The Packers had a bye-week, so on Sunday afternoon I was on a panel asked to discuss this tweet posted by Kentucky Representative Thomas Massie just days after the latest mass school shooting:
This, obviously, had nothing to do with the spirit of Christmas, and really was not about the Second Amendment, either. His flagrant display of firepower was intended to trigger, and flaunt.
It was, in other words, the gun zealot’s equivalent of a d*ck pic.
MSNBC anchor Lindsey Reiser piped up: “Sorry, everybody, I’m not sure we can say that, Charlie!”
Sykes, founder and editor-at-large of The Bulwark and frequent MSNBC contributor, apologized for “being offensive.” But he added, referring to Massie’s equipment: “He’s basically trying to show off. He’s trying to trigger to get the reaction.”
He added: “That is not designed to make a serious argument ... It is designed to show off in this fetish kind of way.”
The website “Raw Story,” reported: “Charlie Sykes stuns MSNBC host with lewd description of Thomas Massie’s gun photo as like pic of his privates.” And, for that, I suppose I should apologize.
But no.
Massie is a not a serious man, and his performative assholery did not deserve a serious or respectful response. Posting this photo has the same relationship to responsible gun ownership as sending out a d*ck pic does to genuine romance.
Unfortunately, it also seems to capture so much of what the post-policy, post-governing GOP has become these days.
His Christmas tweet — with its callous and vicious indifference to the latest gun-related tragedy — was not about any coherent idea at all, but it fits a pattern. As the GOP becomes an ever-more unserious party, its pols increasingly compensate for their various inadequacies by flaunting their hardware.
For a certain class of GOP politicians, this gun cosplay is a subset of their obsession with faux toughness. But it also reflects the way that triggering memes have displaced the business of governing, or even the attempt to govern. Who needs statesmanship, when we can text out pictures of our big guns?
It should be noted that, at one point, Massie himself seemed to understand what was happening. Back in 2017, he explained:
"All this time, I thought they were voting for libertarian Republicans. But after some soul searching I realized when they voted for Rand [Paul] and Ron and me in these primaries, they weren't voting for libertarian ideas—they were voting for the craziest son of a bitch in the race. And Donald Trump won best in class, as we had up until he came along."
Now, however, Massie seems intent on snatching the “Craziest SOB” title back for himself. But the competition is fierce.
Who, after all, can forget this great moment in American statesmanship? When Ted Cruz fried up some bacon on the barrel of a machine gun, because, well, you know.
And, of course this:
And this:
And, um, this:
One final thought here:
Bob Dole was genuine war hero. He didn’t dress up as a soldier. He was one. He was a member of a generation for whom weapons of war were not props, but deadly realities.

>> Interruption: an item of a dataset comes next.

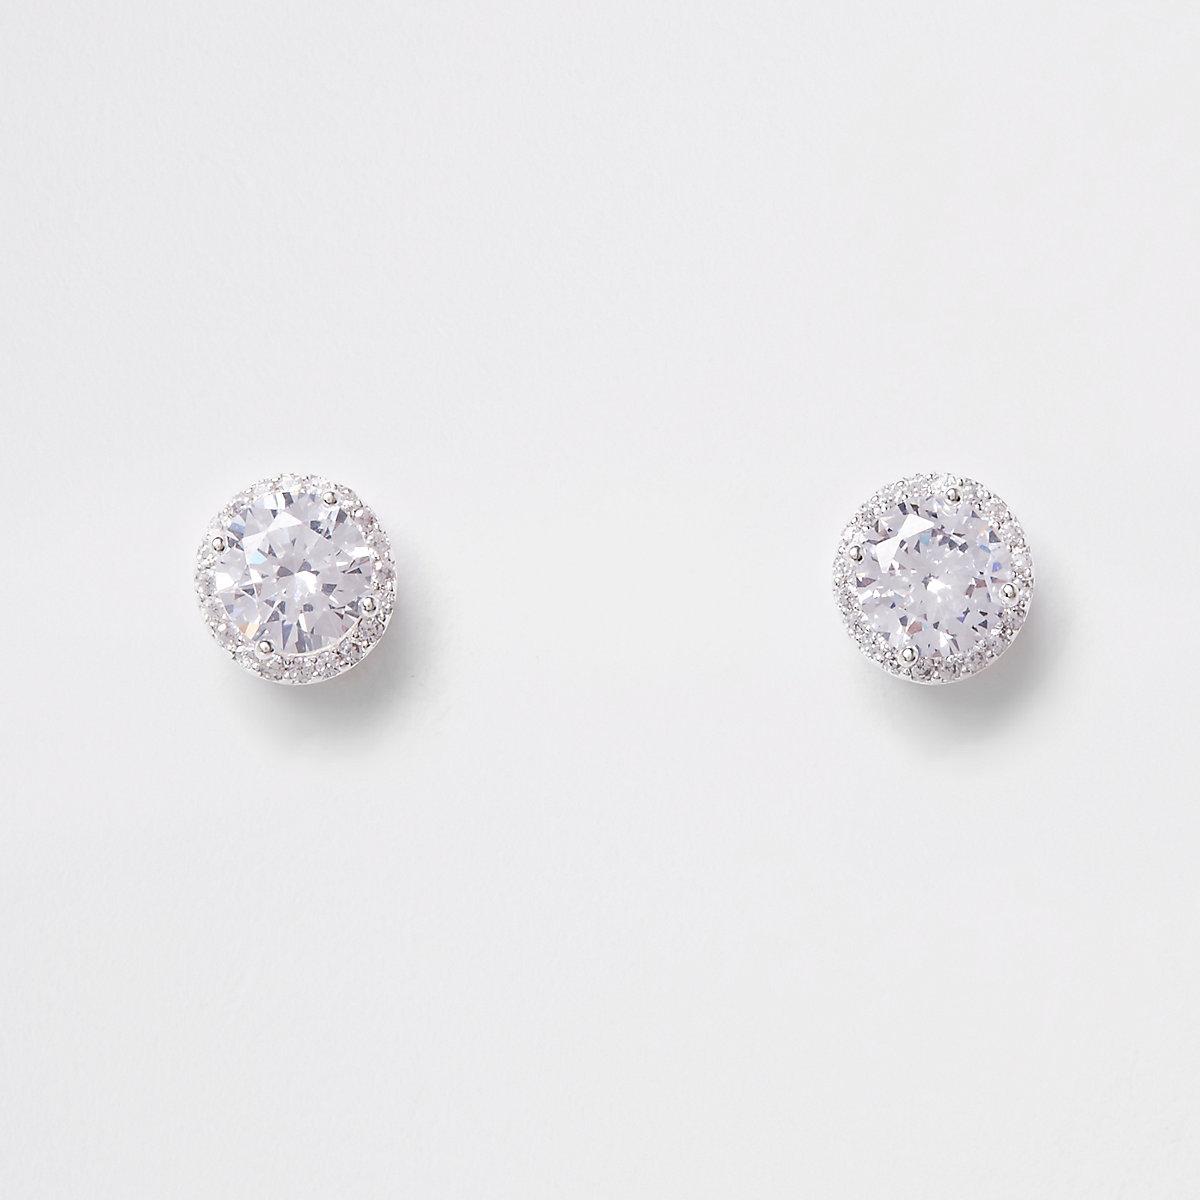 Silver plated cubic zirconia rhinestone earring

He was the real thing. Thomas Massie, on the other hand, is a clown, who feels the need to show off his stuff.
Quick Hits
1. Are Elon Musk’s ‘Twitter Files’ a Nothingburger?
Cathy Young writes in today’s Bulwark:
Over the weekend, the Twitter/Musk debacle went into overdrive as Musk escalated his trolling with a sneering call for the prosecution of Anthony Fauci and began to drop innuendo that Yoel Roth—who had left Twitter after an initially amicable relationship with the new boss—was either a pedophile or a “groomer” promoting child sexualization. Meanwhile, the Twitter Files chronicled Twitter’s internal flailing about how to handle Donald Trump after the January 6th riot and suggested that he was unjustly banned even though his tweets that day technically did not violate any rules. Together, these threads activated the true fever swamp of the online right: the January 6th apologists and the pedophilia-obsessed QAnon crowd. Even Pizzagaters from six years ago have resurfaced, latching on to the false rumor that former Twitter Trust and Safety Council member Lesley Podesta, an Australian policy consultant and former government official, was the niece of John D. Podesta, the Democratic party operative whose mention of pizza in hacked emails in 2016 somehow came to be seen as a code word for a child sex ring. Is Musk instigating a dive into far-right Trumpian conspiracy theory?

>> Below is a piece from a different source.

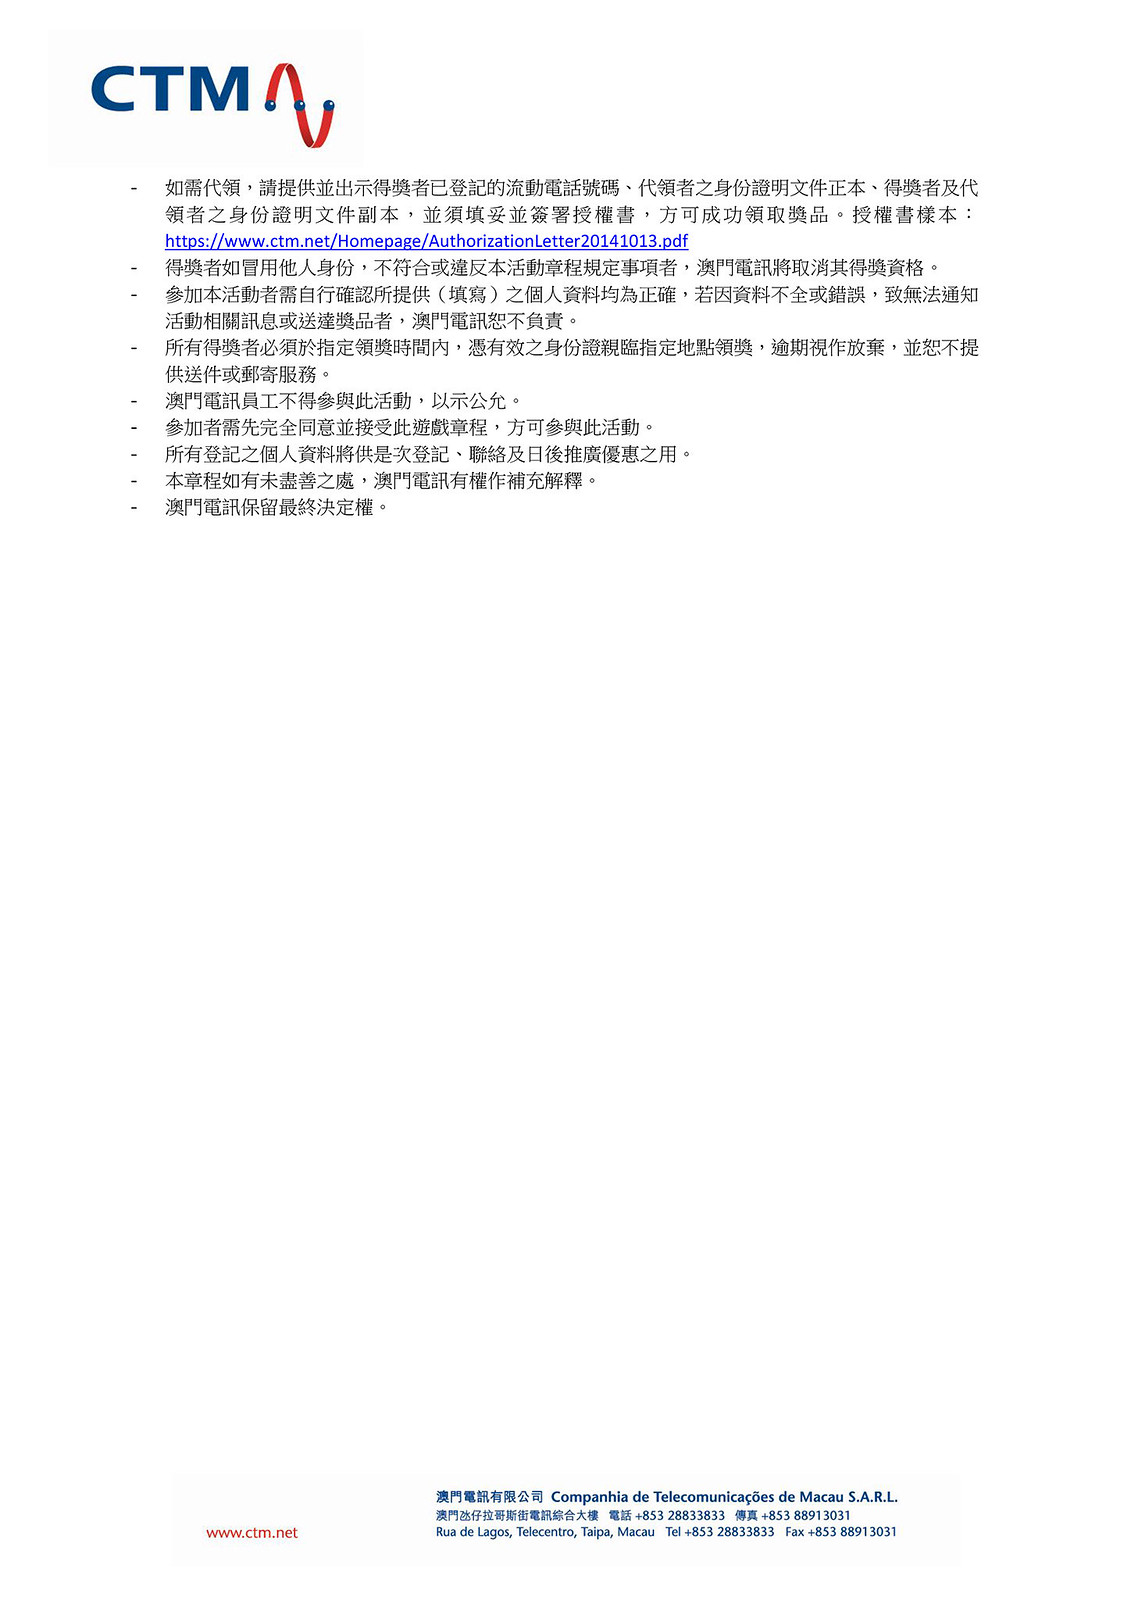 CTMxSamsung_20180409-3

2. Clock’s Ticking on Electoral Count Act Fix
First, there’s the concern that the grounds listed for objecting to Electoral College ballots—that the ballots were not “lawfully certified” or “regularly given”—are not explicitly defined in the Senate version of the bill. The House version of the bill is very explicit and narrow about the grounds for legitimately objecting to electoral slates. Second, Lofgren and Cheney note that some decades-old federal court rulings hold that the federal judiciary must not get involved in cases determining which candidate in an election has won the most votes. The House version of the bill clarifies that federal courts do have jurisdiction in litigation relating to the certification of presidential elections; the Senate bill does not.
3. You’re Only Leaving Trump Now?
Marc Thiessen’s indictment . . . said the reasons for dumping Trump go beyond his sudden declarations of contempt for the judiciary and the Constitution and the rule of law. There’s also the fact that Trump “has descended into a spiral of conspiracy theories and personal grievances. He has surrounded himself with the political dregs.” . . . As for surrounding himself with “the political dregs,” just who exactly was surrounding Trump before? Paragons of virtue like Steve Bannon, Stephen Miller, Sebastian Gorka, Michael Flynn, Paul Manafort, Roger Stone, and Rudy Giuliani? It is just not possible to go downhill from there.
4. The GOP Preps for Another Debt Ceiling Crisis
Brent Orrell on the lessons of the budget and reform battles of the 1990s:
This history is remarkably resonant after this year’s midterm elections, although there is one notable difference between then and now: The GOP’s current position is dramatically weaker than it was in 1995.
That Massie photo is a perfect reminder of what's wrong with American gun culture.
And it's why I've come to the conclusion that the Second Amendment needs to go.
Not because I think no Americans should own guns. There are perfectly valid reasons to have them, for sufficiently low-powered weaponry. But because I'm tired of the sanctimonious entitlement that we get from gun owners.
The way they grandstand about people being "deprived of their Second Amendment rights", like they expect us all to start tearing up like we're watching the end of "Beaches" because they have to endure a f*cking waiting period.
The way they obnoxiously try to paint the rest of us as tyrants because we question how self-defense requires a gun that turns human flesh into ground chuck, while they posture like an apocalyptic cult for their own audiences.
The way they gleefully taunt those of us tired of mass slaughter after mass slaughter by posing like wannabe freedom fighters with their machine guns and those shit-eating grins, as if we're making all this happen on purpose just to spite them.
Ten years ago today, 6-year olds in Connecticut were murdered in their first grade classrooms. And still these people act like they're the real victims.
I wish the "responsible gun ownership" cohort would call out these asinine photoshoots. I grew up hearing that that the biggest rules of gun handling are: treat every gun like it is loaded, keep the finger off the trigger unless you are shooting, never aim the gun at anything you wouldn't want to destroy, be mindful of anything behind the target.
7 people tightly grouped, muzzles pointed every which direction, half have fingers right near the trigger, inside a house, and his wife seems like she's pointing the gun at the guy in the plaid shirt. Where are the "responsible gun owners" pointing out how utterly idiotic this is. I wouldn't let any of these people play with a bb gun.